Vilim Hrupelj
Vilim Hrupelj

Reputation: 11

Is there a way to evaluate a bundle of constexpr functions at compile time in C++?

I am new to C++ templates and I'm trying to make a constexpr template function that takes a parameter pack of other functions of return type bool (and in this example input type int) and checks if a given value satisfies all of them.

I've extracted the important bits of code and left some implementations that shouldn't be relevant out.

Item 1 below is how I'd like the function to behave where is_in_v is a metafunction that checks if a value of a given type is contained in the bundle of values after it. This works fine on its own, but complains when I try to pass func(b)... because b isn't a constant expression. This makes sense to me, however Item 2 seems to behave fine at compile time even though it is being passed the same value b. This makes me wonder if my idea is achieveable, because to me it feels like what works in Item 2 is in essence not that far from what I'm trying to do, but I am at a loss as to how to get around this error.

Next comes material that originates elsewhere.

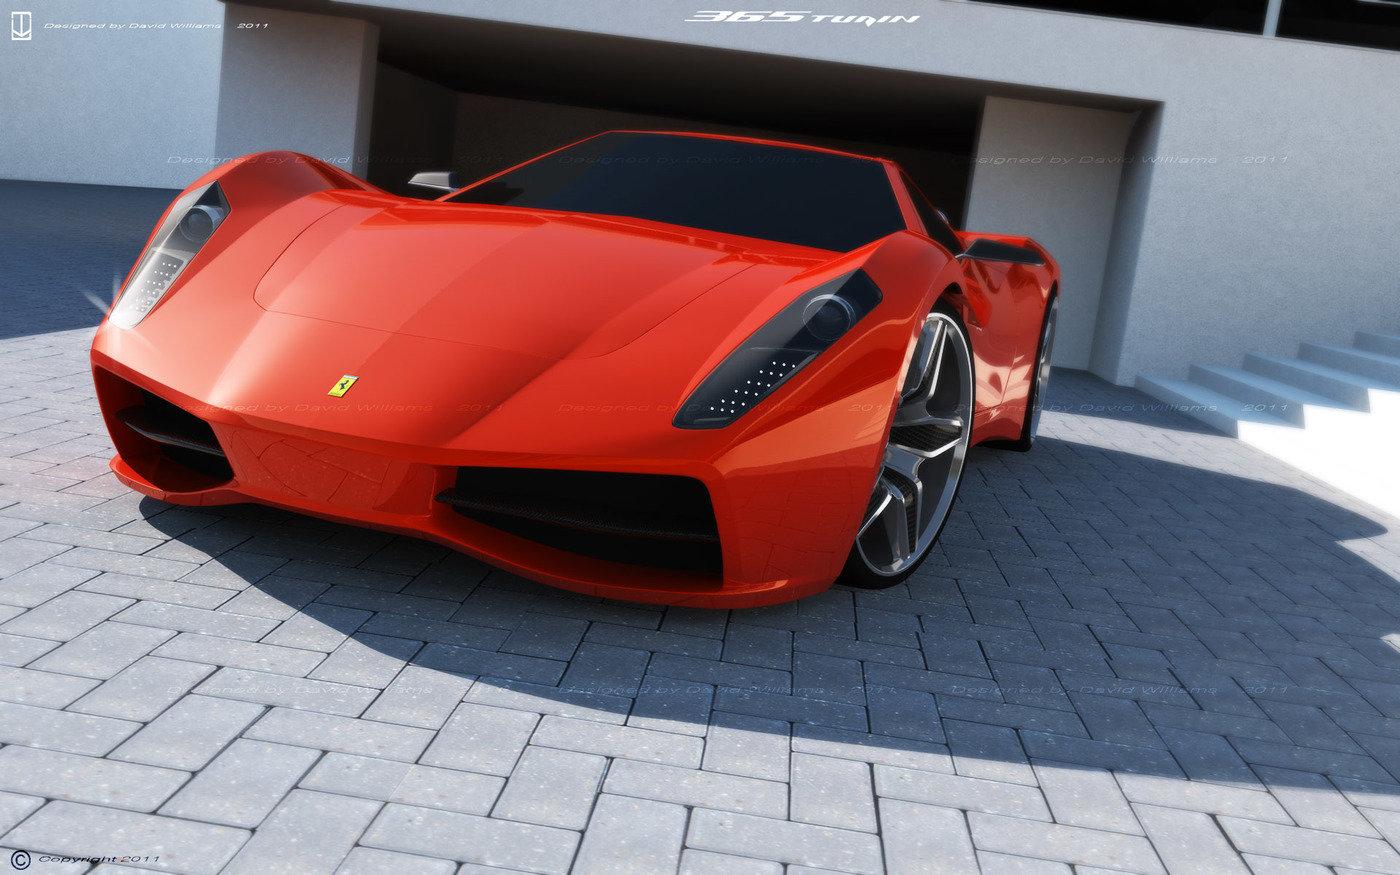 2011 concept supercars by David Williams at Coroflot.com
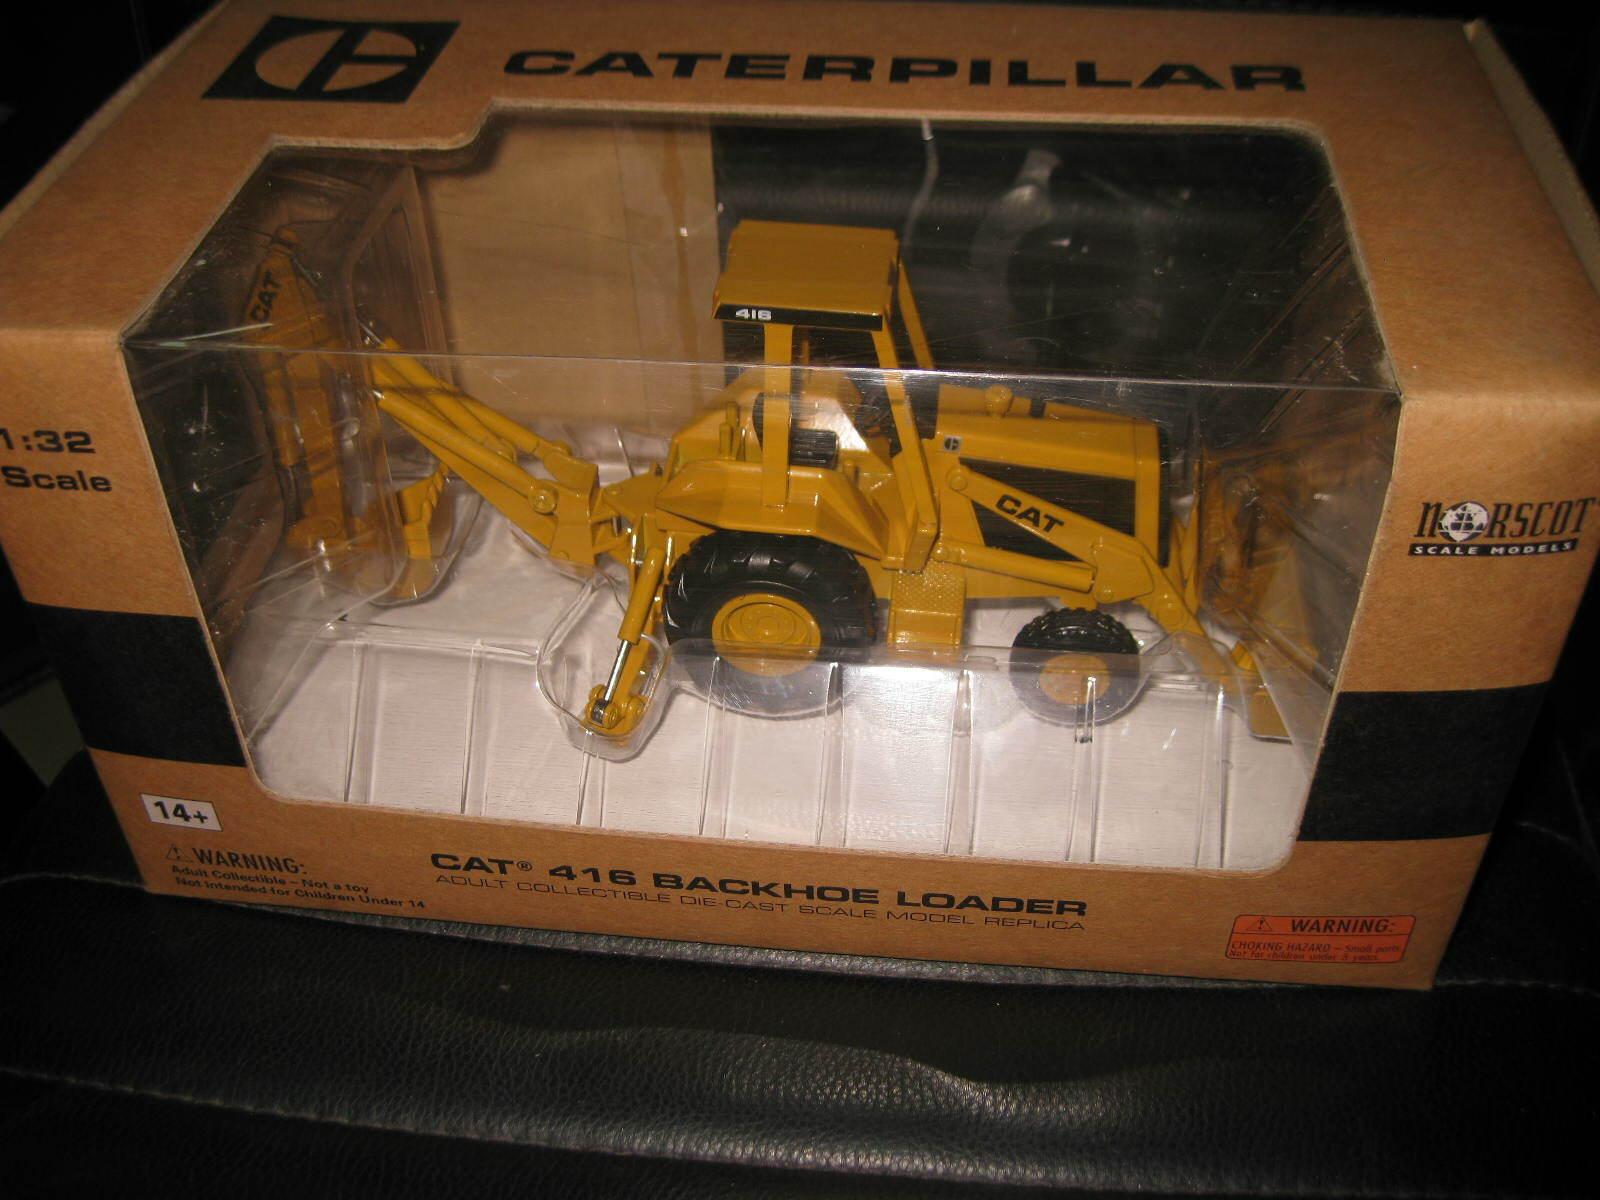 CAT CATERPILLAR 1 32  NORSCOT 416 BACKHOE LOADER BLOCK C LOGO  55271  negozio STOCK

constexpr bool f1 (int a) { return true; }
constexpr bool f2 (int a) { return false; }
constexpr bool f3 (int a) { return a > 3; }

//Item 1
template<bool (*...func)(int)>
constexpr bool test(int b) {
    return !is_in_v<bool, false, func(b)...>;
}
//Item 2
template<bool (*func)(int)>
constexpr bool test2(int b) {
    return func(b);
}

...

int main () {
   static_assert(test<f1, f3>(5)); //ERROR: b is not a constant expression
   static_assert(test2<f3>(5)); //works fine
}

If anyone could tell me whether what I'm trying to do makes any sense or if there are alternative solutions I would greatly appreciate it.

I've tried passing by const reference and that worked for functions f1 and f2 but only delegated the problem of parameter b in test not being a constexpr to parameter a in f3.

Upvotes: 1

Views: 63

Answers (1)

!is_in_v<bool, false, func(b)...>;

This seems like a rather roundabout way of writing a variadic and-expression. C++17 supports fold expressions, so it really ought to be written more simply as

template<bool (*...func)(int)>
constexpr bool test(int b) {
    return (func(b) && ...);
}

The thing about templates, is that their non-type arguments must always and uncondionally be contant expressions. A regular function argument, even in a constexpr function, is never considered usable in a constant expression, and so can't be used to form one. It makes func(b) invalid as a template argument.

Roughly speaking test2 works because it doesn't assume b is usable in a constant expression. It simply lays out a computation, that when following the rules of the abstract machine with a compile time constant, the compiler can do. That's what constant evaluation is in a nutshell. When you mark a function as constexpr, then under certain conditions, the compiler may use it to evalute constants. But it doesn't mean anything about the function parameters being constant.

As a matter of fact, it can't mean that. Without delving into the details of the specificaiton, but to explain why that is, consider by contradiction if it did. Let's say you could write this:

constexpr auto foo(int a) {
    return std::integral_constant<int, a>{}; // Make believe it is valid to use a.
}

Then we get that foo(1) and foo(2) return different types! That's... not how c++ is designed to work. The function signature never depends on the values its parameters get! And I didn't even touch the fact constexpr functions exist at runtime since they are also regular functions, then the signature conundrum becomes even greater.